Fig 1. Cell-to-cell heterogeneity during VEEV infection.
(A) Schematic of the experimental setup. (B) A scatter plot showing VEEV cDNA sequencing reads and GFP expression measured via FACS (FITC gate) in cells harboring 1 or more viral reads. The dotted line represents the cutoff of infected cells. Cells harboring more than 10 viral reads are considered infected. (C) The fraction of VEEV-TC-83-infected U-87 MG cells over time for two MOIs. (D) Box plots depicting the ratio of virus to total cDNA reads (left) and GFP expression level (right) over time. The horizontal dotted line represents the threshold dividing cells into “low vRNA” and “high vRNA” harboring cells (see text). (E) Box plots showing host cDNA to ERCC read ratio in infected and uninfected cells derived from different time points postinfection. *p < 0.05 by Mann-Whitney U test. MOI, multiplicity of infection; ERCC, External RNA Controls Consortium.
To identify a proper cutoff for defining infected cells, we analyzed both GFP signal and vRNA reads. During cell sorting (the first step of viscRNA-Seq) the GFP signal was recorded using the fluorescein isothicyanate (FITC) gate, enabling measurement of cellular GFP expression levels. The GFP signal was comparable in cells harboring 1 to 1000 viral reads, yet it sharply increased in cells harboring over 1000 viral reads (Fig 1B). The lower sensitivity of GFP signal relative to viral reads is likely due to the lag of protein expression after RNA synthesis and indicates that virus reads can be used as an effective indicator for VEEV infection. Next, we sought to define a cutoff to distinguish infected from bystander cells (uninfected but derived from the sample that was exposed to the virus). We set multiple cutoffs between 1 and 100 viral reads, selected only cells with viral read number greater than these cutoffs, and calculated the correlation coefficient between GFP expression and viral reads (S1B Fig). The correlation between GFP expression and viral reads first increased with the cutoffs and then stabilized once the cutoff reached 10 viral reads, with correlation coefficients greater than 0.8 via both Spearman’s and Pearson correlations. We therefore defined the presence of 10 or more viral reads as the cutoff to distinguish VEEV-infected from bystander cells. Similar findings were observed upon plotting the relationship between GFP expression and virus/total reads ratio (vs. raw viral reads) (S1C Fig), indicating that the selected threshold of 10 viral reads (or 0.00001 virus/total reads) is not affected by differences in sequencing depth between cells.

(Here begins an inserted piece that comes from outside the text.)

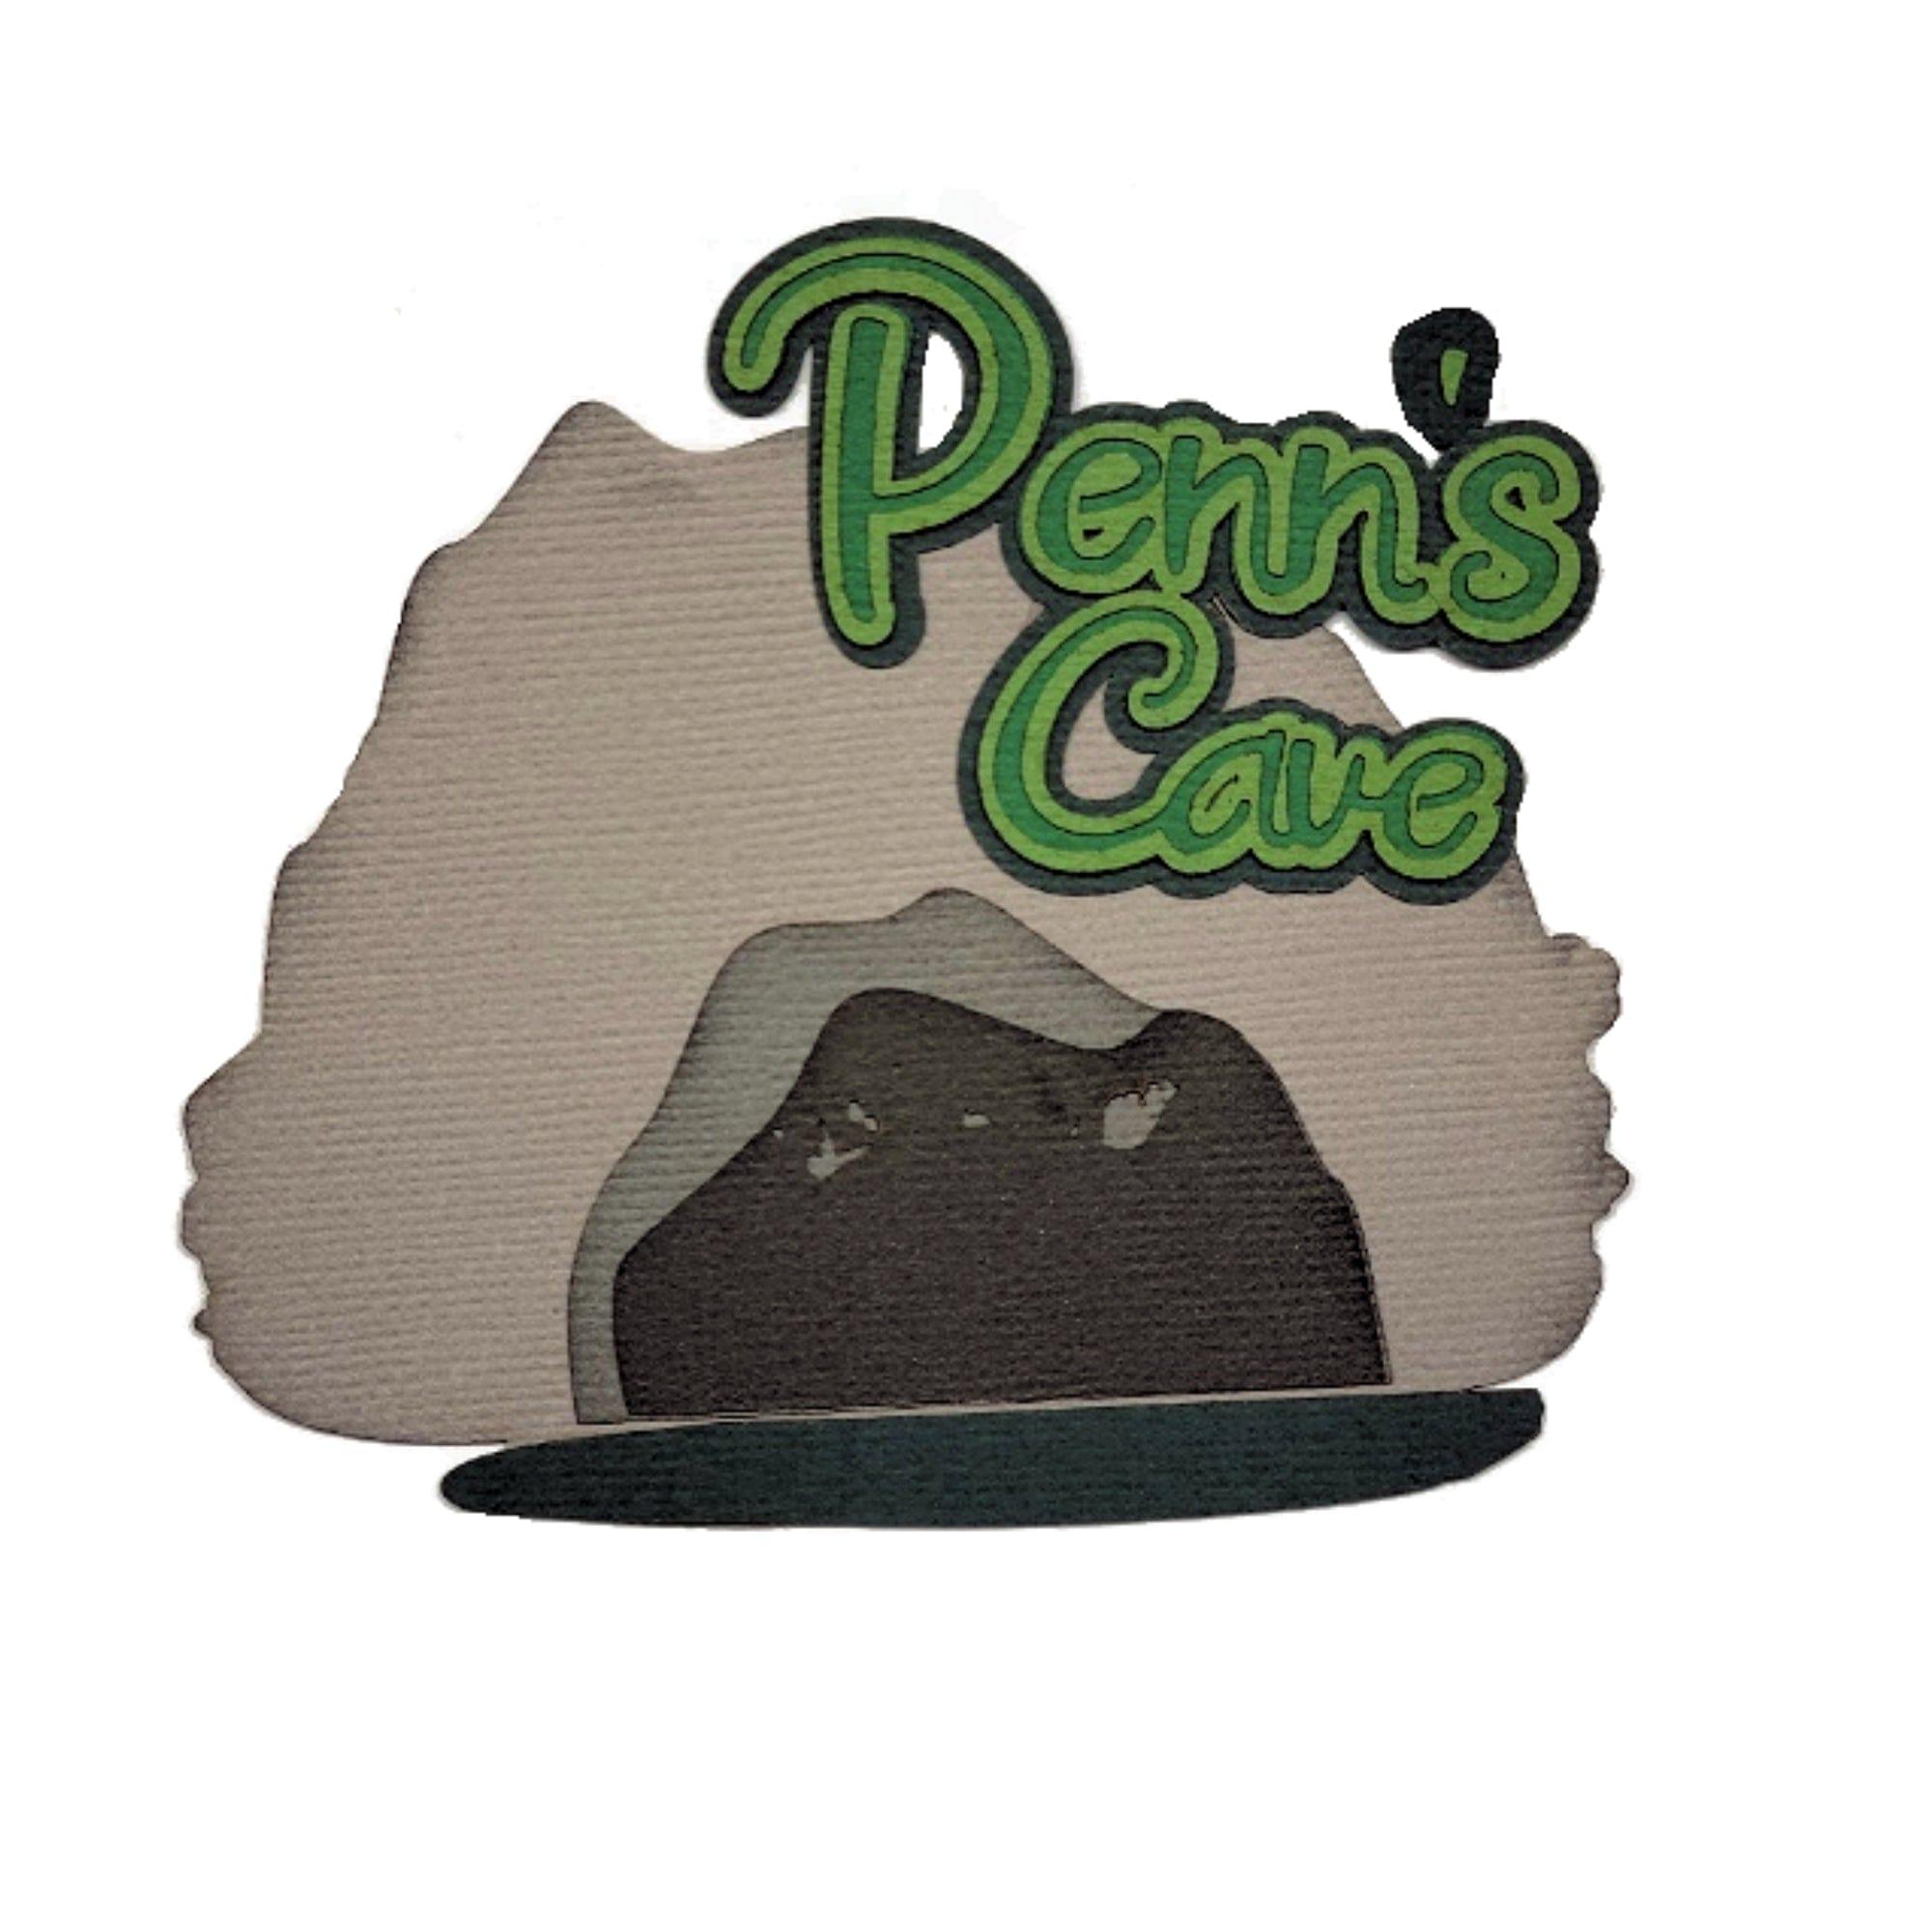 Penn's Cave 4 x 4 Laser Cut Scrapbook Embellishment by SSC Laser Designs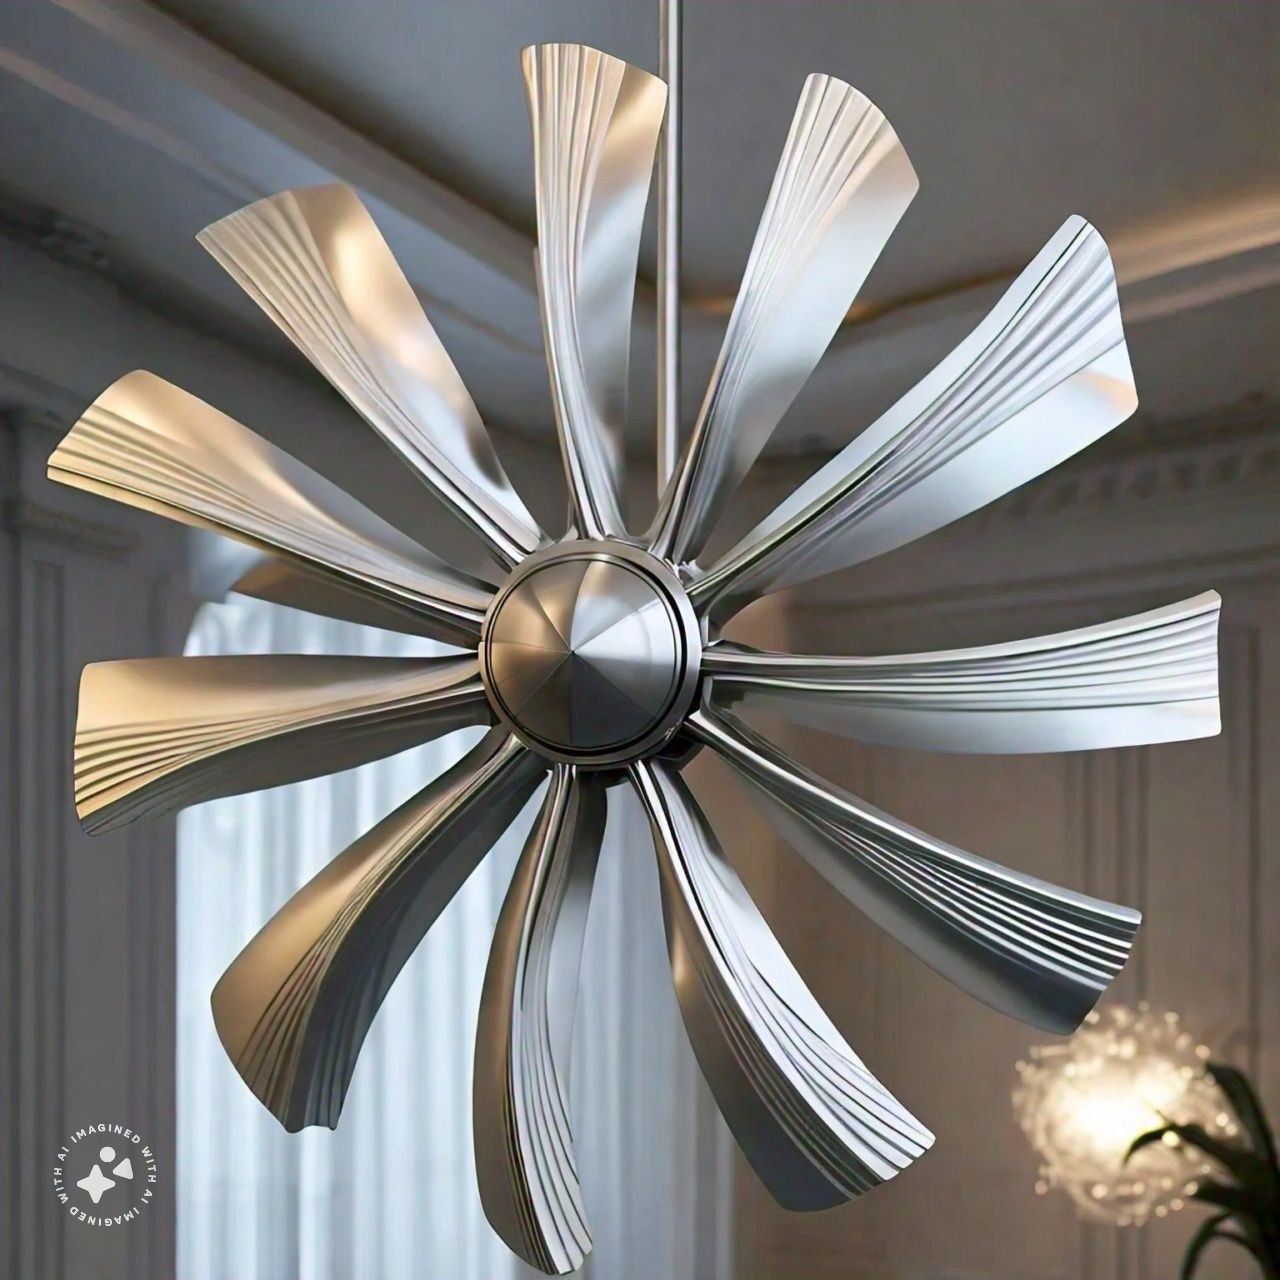 Fan Blade Design: Maximizing Airflow Efficiency

The fraction of VEEV-infected cells increased with both time and MOI and saturated at 12 and 24 hpi with MOI 1 and 0.1, respectively (Fig 1C). The infection status in these cells at the various time points postinfection was confirmed via qRT-PCR (S1D Fig). A rapid increase in the ratio of both viral/total reads and GFP expression was observed within single cells over time (Fig 1D). Notably, the distributions of virus/total reads and GFP expression were particularly wide at 12 hpi when analyzing either the entire infected cell population or infected cells separated by the two MOIs (S1E and S1F Fig). At 24 hpi, the observed increase in vRNA reads was associated with a decline in cellular transcripts. The normalized cellular mRNA reads (calculated by dividing the absolute number of reads by the sum of External RNA Controls Consortium (ERCC) spike-in reads) declined in the infected cell group at 24 hpi relative to the corresponding uninfected cell group and the same infected cell group at 12 hpi (Fig 1E). To avoid an artificial decline in host gene reads in cells with high vRNA abundance, rather than normalizing cellular gene reads by the total reads, we normalized by ERCC reads for most downstream analyses. This transformation is akin to an estimate of the actual number of mRNA molecules for each gene (up to a constant factor).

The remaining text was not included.